Conway's Game of LIFE in a DEC PDP-7 w/ Type 340 Display

Here is an implementation of John Conway's Game of Life on an 18 bit DEC PDP-7 with a DEC Type 340 X/Y point display. Patterns are stored on and can be called from our new JK09 PDP-7 storage device which is what we use for UNIX V0. We have set a few starter patterns including Bill Gosper's Glider Gun.

The sounds you hear are from the Type 347 display controller. They were received using a Yaesu FT1XD radio in AM mode.

The world supports 1296 points (36 x 36). We are attempting to increase this to 72 x 72 or 5184 points.

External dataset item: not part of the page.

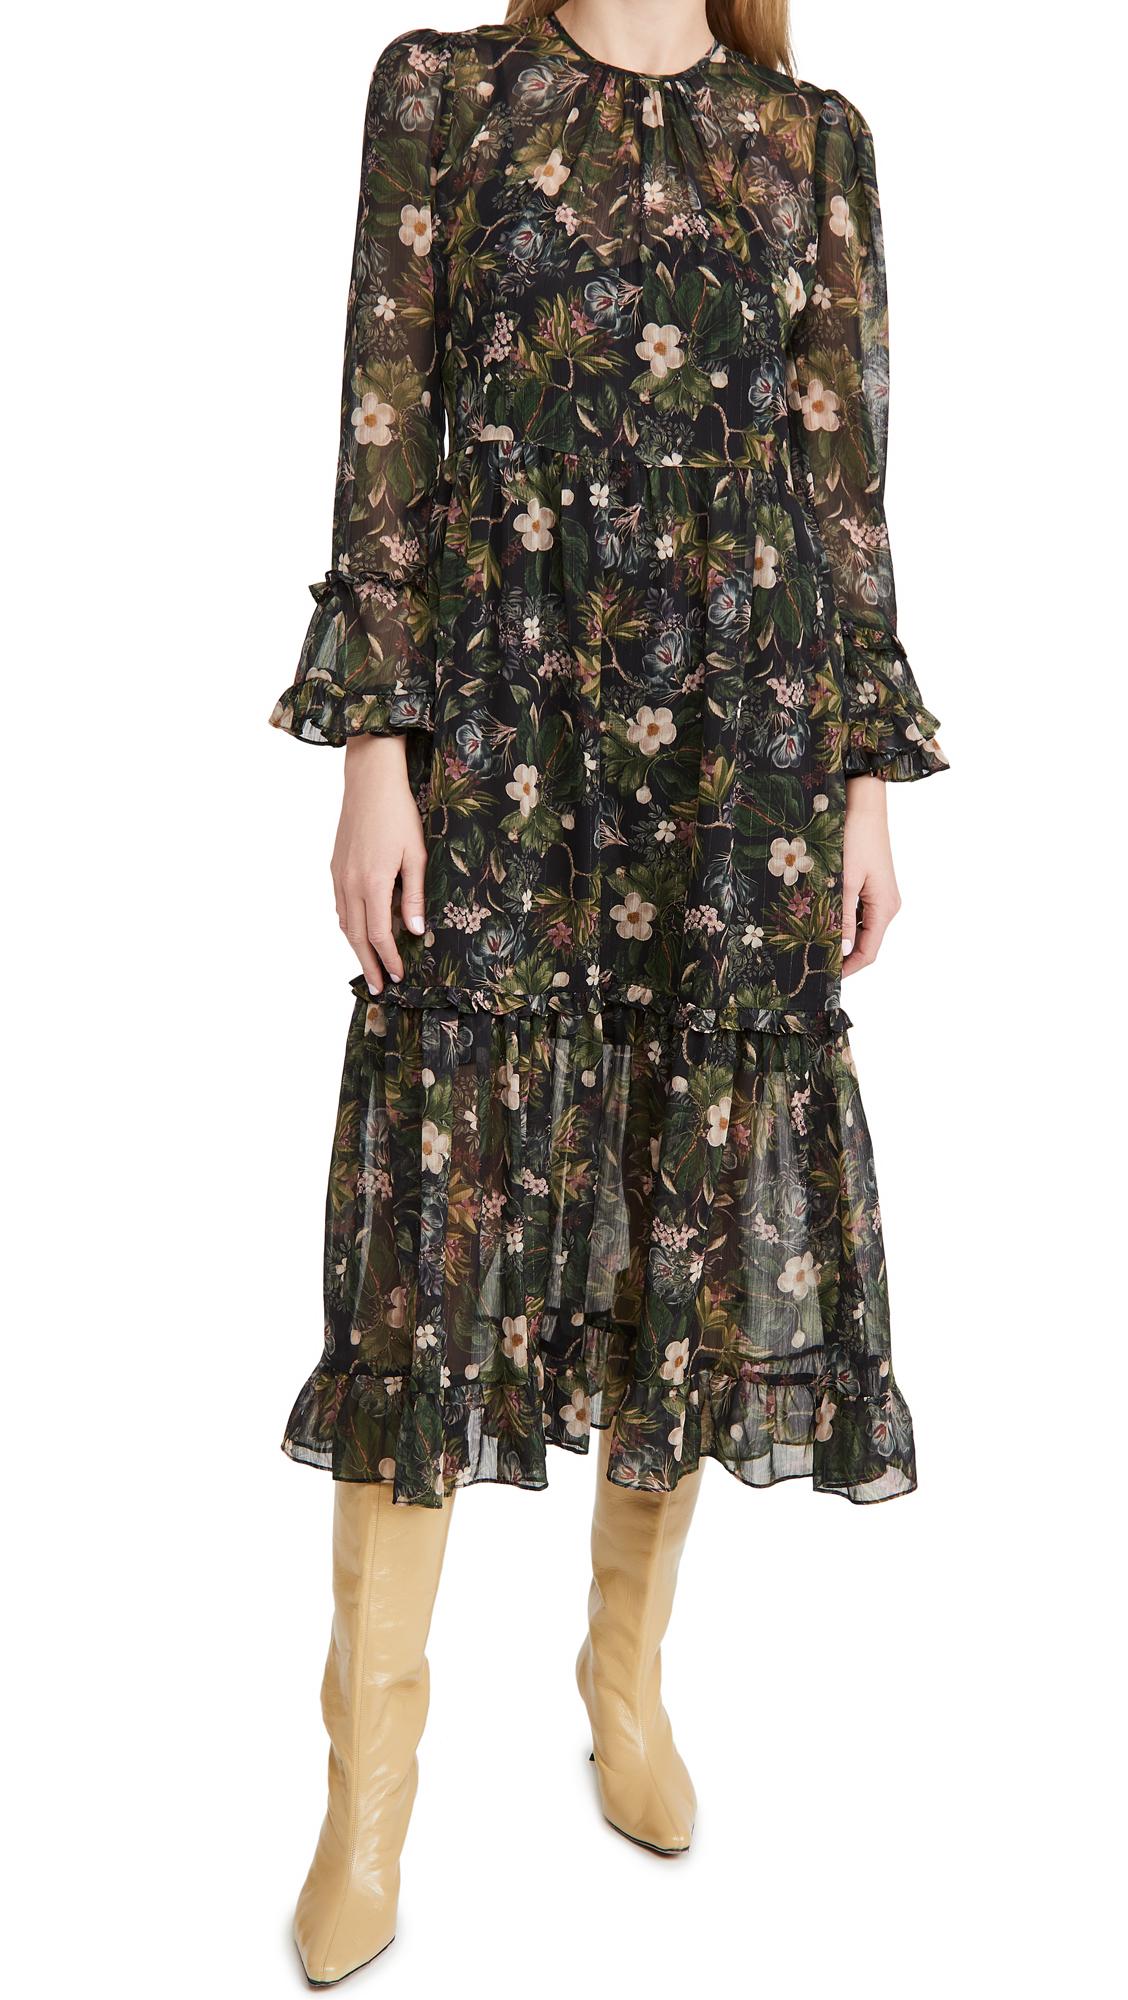 Generation Love Blaine Floral Jungle Maxi Dress

https://www.youtube.com/watch?v=V4oRHv-Svwc

DEC PDP-7 w/ Type 340 display running Munching Squares and Spirograph

Two display hacks run on PDP-7 serial number 129 with the Type 340 XY display option. The 340 has a P7 phosphor has a slow decay which gives Munching Squares an eerie afterglow. Both programs read the left switches to modify patterns. A small AM radio was used to pick up RFI from the Type 347 controller. For the MIT AI lab hackers the Munching Squares "music" was referred to as Munching Tunes.

tartoran
Yes, that has some mystical effect on me. I think I saw it when you shares it the other day. How does the AM capture the sound? What exactly generates the sound waves?
DonHopkins
It's electromagnetic interference from the electronics. A hulking powerful "big iron" PDP-7 makes a much better RFI broadcast antenna than an iPhone, but it broadcasts at much lower frequencies, that an AM radio can pick up.

You can hear a little bit of interference on an FM radio, but it sounds much stronger and more interesting on the AM dial.

PDP-7's were actually relatively sleek fast inexpensive computers for the time, and were only 18 bits compared to the PDP-6's and PDP-10's 36 bits. ("If you're not working with 36 bits, you're not working with a full DEC!" -DIGEX) But physically they still have a lot of "big iron" parts and use lots of power like mainframes.

https://en.wikipedia.org/wiki/Mainframe_computer

https://en.wikipedia.org/wiki/PDP-7

The other sibling post by nitrogen referred to "tempest", which is a (no longer) secret NSA codename for "Telecommunications Electronics Materials Protected from Emanating Spurious Transmissions", a certification for shielding equipment from spying on it via electromagnetic radiation.

https://en.wikipedia.org/wiki/Tempest_(codename)

The slower the computer, the more "details" you can hear of the computation. Modern computers are so fast and have so much going on and are so much better shielded (they need to be, since they have their own radios they don't want their own RFI to interfere with), that they aren't nearly as interesting to listen to on AM radio. I loved to listen to my Apple ][ on AM radio, especially compiling my FORTH system and applications (it's satisfying to listen to your own code you wrote compiling and running)!

tartoran
Thank you, this is a very interesting topic to me. I remember ,when I was a kid in the 90s and had the Sound Blaster card, 1.0 or something quite cheap and in certain situations I would hear very similar but quiet interference on the headphones when there was no sound playing.
nitrogen
Wow, the sounds made by munching squares aren't that different from music I would actually listen to.